Manifiesto por las emociones

Algunos, ya muchos, nos vienen hablando continuamente y machaconamente de una literatura sana, de un cine sana, pero cual serían, es evidente que mucha literatura nos libera energías, y de otra que nos casusa más tensión hasta aumentar nuestros grados de angustia, pero como soy un ser que va caminando por el difícil alambre de la vida, ya me voy a haciendo muchas preguntas, y algunas de ellas dedicare esta reflexión, pero lo les garantizo, que al final de estas líneas se encuentren debidamente cumplimentados, lo más seguro es que piensen ustedes, ¡ vaya manera de perder el tiempo que tiene este hombre!
En estos últimos años, y sobre todo cada vez más lejos de una juventud ensoñadora, te vas dando cuenta que esta civilización del darwinismo social, este mundo solo se reserva a los ganadores, a los emprendedores, es como si a esta civilización haya dejado de lado el mundo de las emociones, y viniendo a parar en un hecho que nos acontece en la vida diaria.
Se imaginan ustedes unos panfletos de un gobierno, que estando en guerra contra otro país, que animara a sus soldados a sentir misericordia por su enemigo, observen ustedes bien el cambio de palabra, lo que en periodos de paz es un adversario, en tiempos de guerra se convierte en enemigo. Se imagina a un maltratador que va a causar la muerte de su esposa, piense en el dolor que le puede causar. O que un inversionista, una vez que ha capturado una manzana de edificios, se mostrase compasivo con una anciana, que quiere morir en su casa.

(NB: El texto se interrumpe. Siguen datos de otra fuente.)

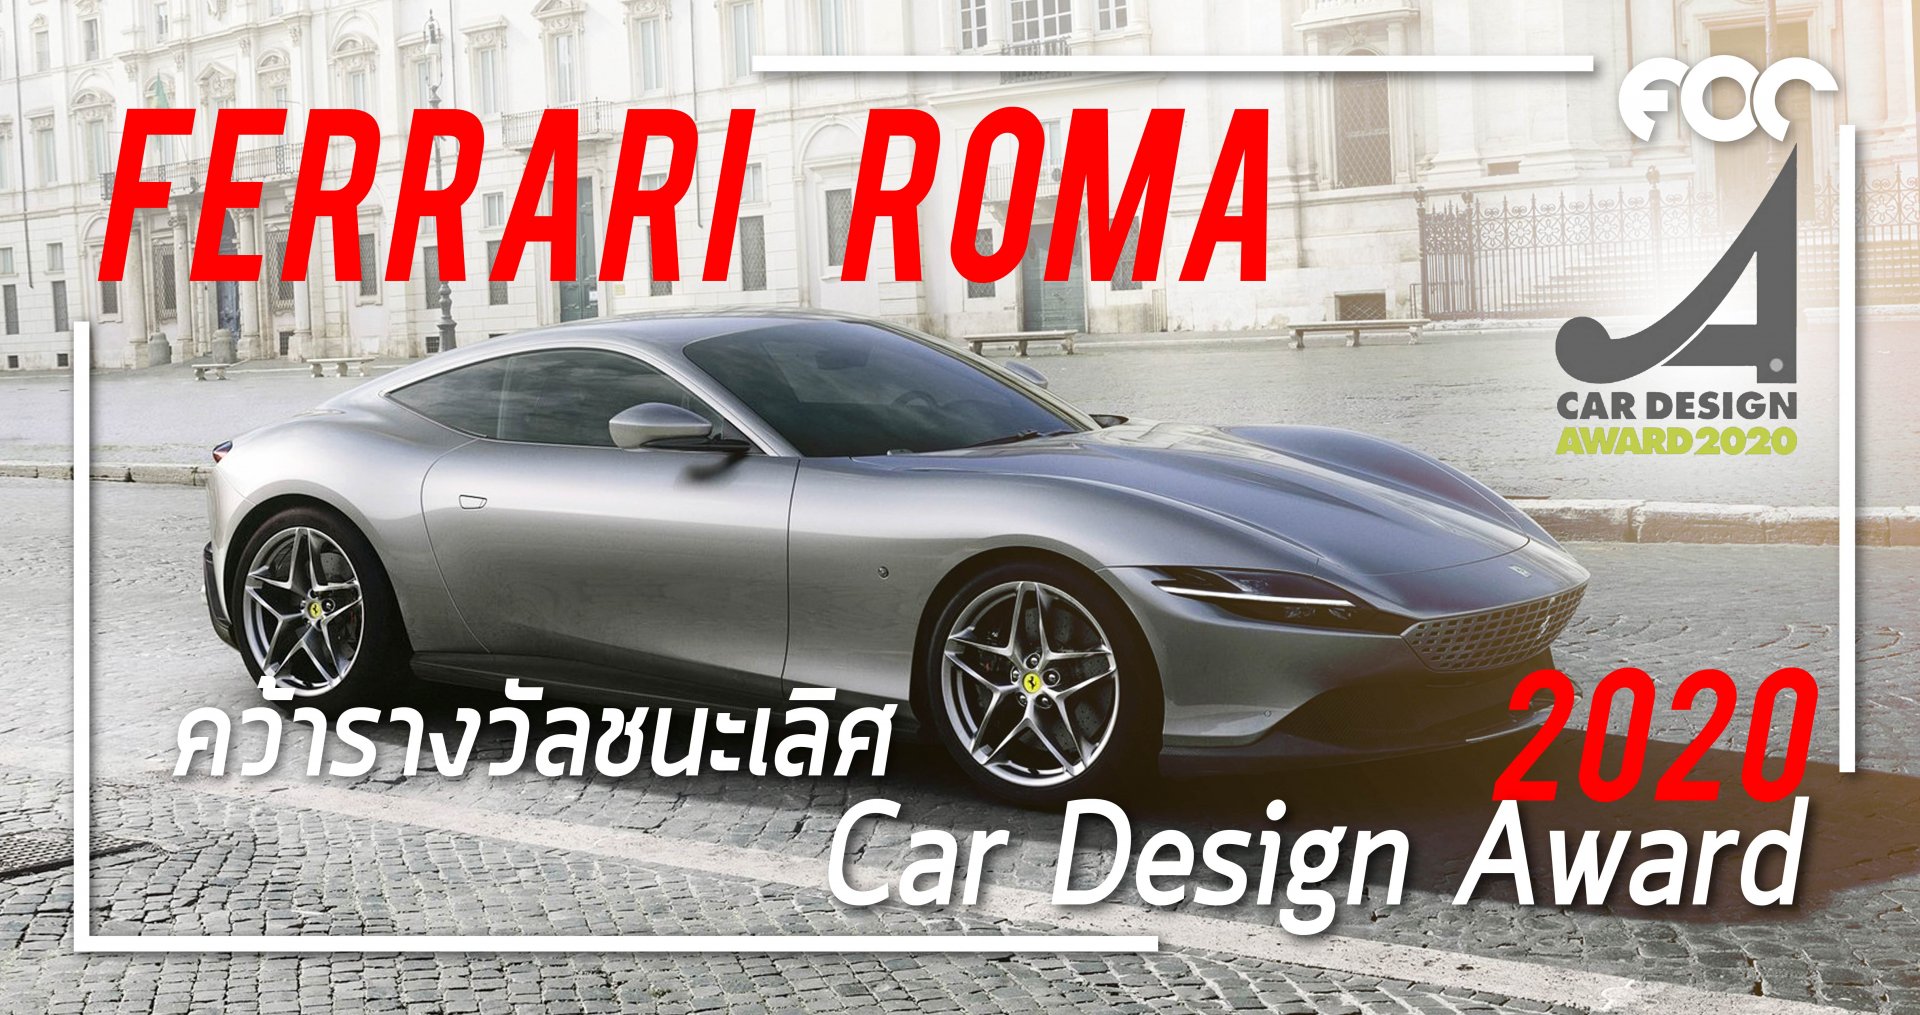 เฟอร์รารี่ Roma คว้ารางวัลชนะเลิศ 2020 Car Design Award

Pero con estos ejemplos, que he dado, me dirán ustedes que esos hombres tienen emociones, cierto es, no cabe duda, pero lo que vemos hoy en día es que esta civilización anestesia cualquier tipo de emoción, es como si para el grado de desarrollo humano, de cara al futuro, debe desprenderse de todo grado de emoción, y eso porque la emoción no es mesurable, pero lo que si vemos es que si esa emoción genera actividad en la vida real, ahí esta dispuesto el capitalismo para mercantilizarlo.
Pero ahí están las emociones, que van resistiendo como pueden, está visto que nadie puede abolirlas, eso sí esta gran sociedad, tan civilizada ella, tan educada ella, le ha pegado un buen mordisco, las ha cubierto con un manto de indiferencia, eso sí le ha puesto una gran barrera, a tanto de marcarlas a fuego, de no prestarlas atención, ha conseguido cauterizarlas dentro de nuestro corazones, dentro de nuestros pensamientos, y si ustedes no me creen, miren alrededor suyo, miren en su centro de trabajo, miren cuando estén guardando las inevitables colas en las colas de los bancos, de los supermercados, solo osamos a enfadarnos con una especie fustigada, esos son los funcionarios, en la edad media europea fueron las brujas, los judíos, ahora lo son los funcionarios.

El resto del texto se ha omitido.